Pentagon cuts F-35 operating estimate below $1 trillion: source

By Andrea Shalal-Esa/Reuters

The revision of the estimate was first reported by Bloomberg news.


The cost per flying hour of the F-35B model, which can land like a helicopter, is likely be 16.6 percent lower than the earlier Pentagon projections, Lieutenant General Robert Schmidle, deputy Marine Corps commandant for aviation, told Reuters in an interview on Wednesday.

The Marines plan to start using the F-35B for military operations from mid-2015.

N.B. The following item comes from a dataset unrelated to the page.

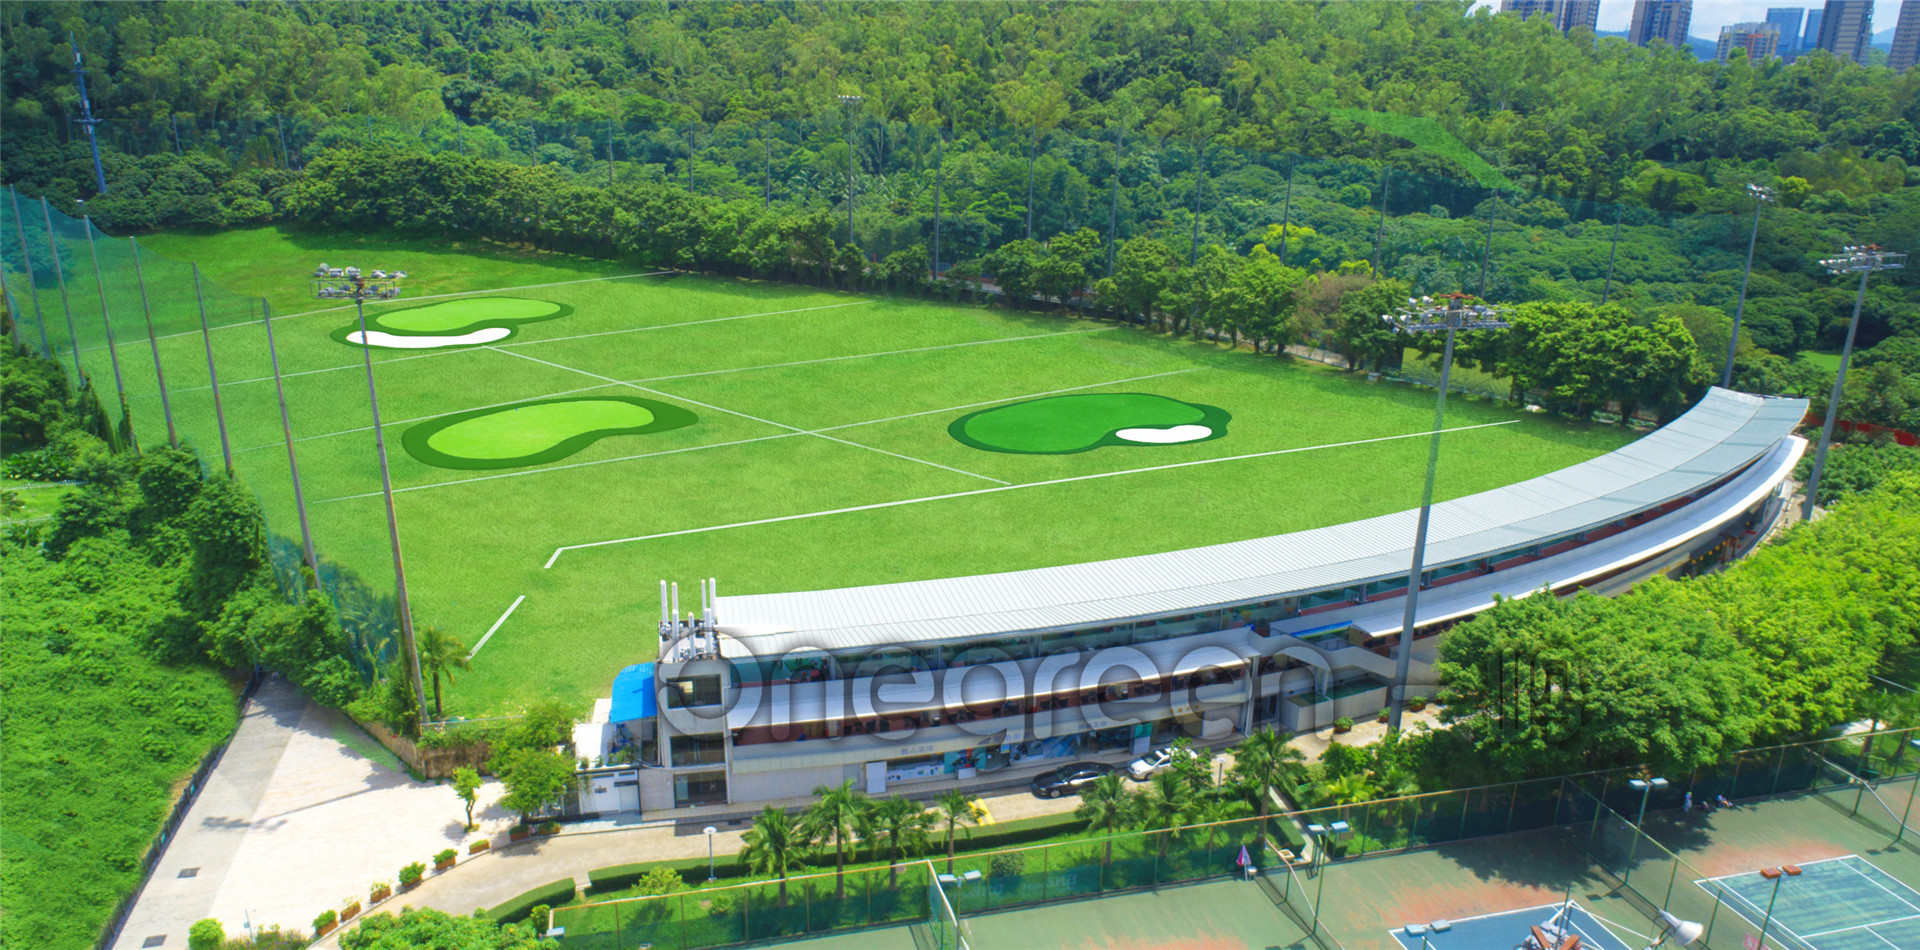 深圳云海谷高尔夫-公众场 | 百高（BaiGolf） - 高尔夫球场预订,高尔夫旅游,日本高尔夫,泰国高尔夫,越南高尔夫,中国,韩国,亚洲及太平洋高尔夫

A second senior defense official said the current estimate by the Pentagon’s Cost Assessment and Program Evaluation (CAPE) office put the cost per flying hour of the F-35B model at over $41,000, but the actual cost would likely be closer to $37,000.

A detailed analysis by the Marine Corps showed this would cut the plane’s annual operating costs by nearly $600 million, or $12.3 billion over the next five decades, the official said.

Schmidle said the Marines would fly the planes in short takeoff, vertical landing, or STOVL mode just 10 percent of the time, far less often than the 80 percent rate factored into the initial estimates. The manning levels assumed in the initial estimates were also higher than in practice, he said.

“The Marine Corps has very aggressively stepped out in trying to find ways to decrease the operating and support costs, specifically with regard to the cost per flight hour,” Schmidle said. “I wanted to challenge every assumption.”